Propulsive opener Born For One Thing unsettlingly stares death in the face, Joe growling from a primal place. Hold On opens with a vulnerable vocal harmony that would be perfectly at home on a Wardruna album, before descending into a sonic maelstrom that matches the ‘ocean of stress’ they’re urging us to fight. That familiar pick-scraping trick opens New Found, a classic Gojira rager designed for bellowing across a headbanging crowd enveloped in dry ice. The towering Sphinx and Into The Storm are nothing short of epic.
They considered the production more seriously than ever, holding auditions for the perfect drum tech, and bringing in the legendary Andy Wallace on mixing, who not only worked on landmark albums such as Slayer’s Reign In Blood and System Of A Down’s Toxicity, but their beloved Chaos A.D. and Roots. No wonder Amazonia sounds so earth-shattering.
It’s the song we talk about most today, as it’s clearly at the forefront of their minds. Due to political and police corruption, the situation for the indigenous people is desperate and ongoing.

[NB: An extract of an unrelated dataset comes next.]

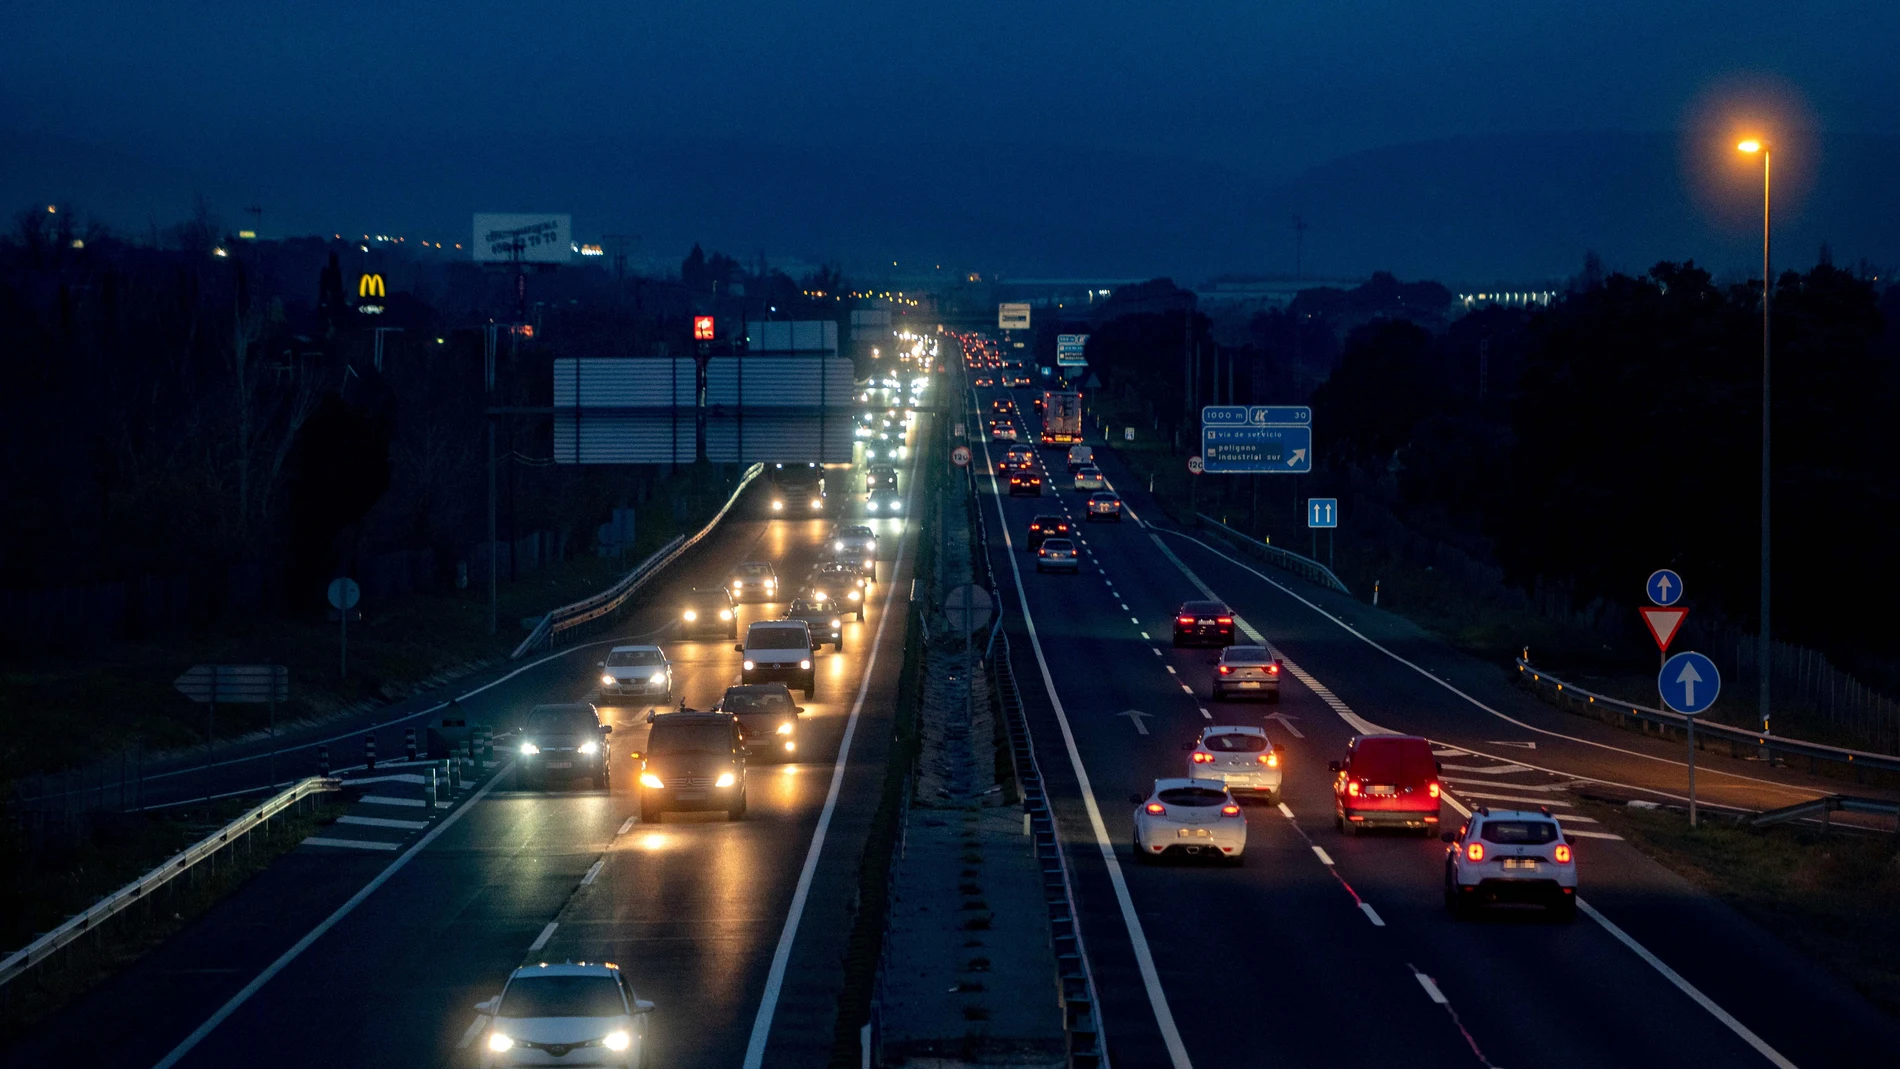 El exceso de velocidad conlleva sanción económica de 100 a 600 euros y pérdida de 2, 4 ó 6 puntos del permiso de conducir | Fuente: Alberto Ortega / Europa Press

“There’s a rate of suicide happening, I’ve been talking to people that are wearing bulletproof vests, sending their children away because they’re scared for their lives. So it’s pretty dramatic,” says Joe. “We’re hoping to communicate on that and really try to help, because our music represents that. It’s the strength of the forest; the force you find in nature is influencing us. Volcanos, waves and giant trees. So we almost have a responsibility to honour and protect it.”
For Joe Duplantier, Gojira is more than just a band. It’s more, even, than a vehicle to get across the urgent messages which underpin their music. “It’s a philosophical sort of quest,” he says. “Why are we here, what can we do to feel better in our shoes on an everyday basis? And it’s about our fears of dying, our fears of living, or breaking the boundaries, or finding one’s self. It’s therapeutic.”
But if Joe needs the band he has spent the last 25 years building, then the world needs them even more right now. If Fortitude feels like an important album, that’s because it is. It arrives at a tipping point – a moment when the world feels on the brink of toppling into chaos – and provides both a lifeline and a rallying call for their fans; if a band from an obscure French backwater can achieve this much through focus, perseverance and sheer force of will, then you can too.
Gojira embody a sea change in metal too. The old clichés – sex, drugs and the rest of it – are thankfully dying out. The scene is looking outwards as well as inwards, acknowledging the existential crisis every one of us faces as the planet heads towards political, personal and environmental ruin. With Fortitude, Gojira have delivered the perfect soundtrack – one that calls on everybody to pull together to get us out of this mess.
“You just ask yourself what you want to be in this life, what you want to achieve,” says Mario Duplantier. “Words are great, music is great, but action is something concrete.”
The Gojira that made Fortitude may feel like a different beast to the Gojira that made Terra Incognita or From Mars To Sirius, but it’s just the wrapper that has changed. Scratch the surface and you can still see the death metal fans beneath. “It’s in our DNA,” says Joe Duplantier. “Some people like to climb cliffs or fly kites… we like to melt faces.”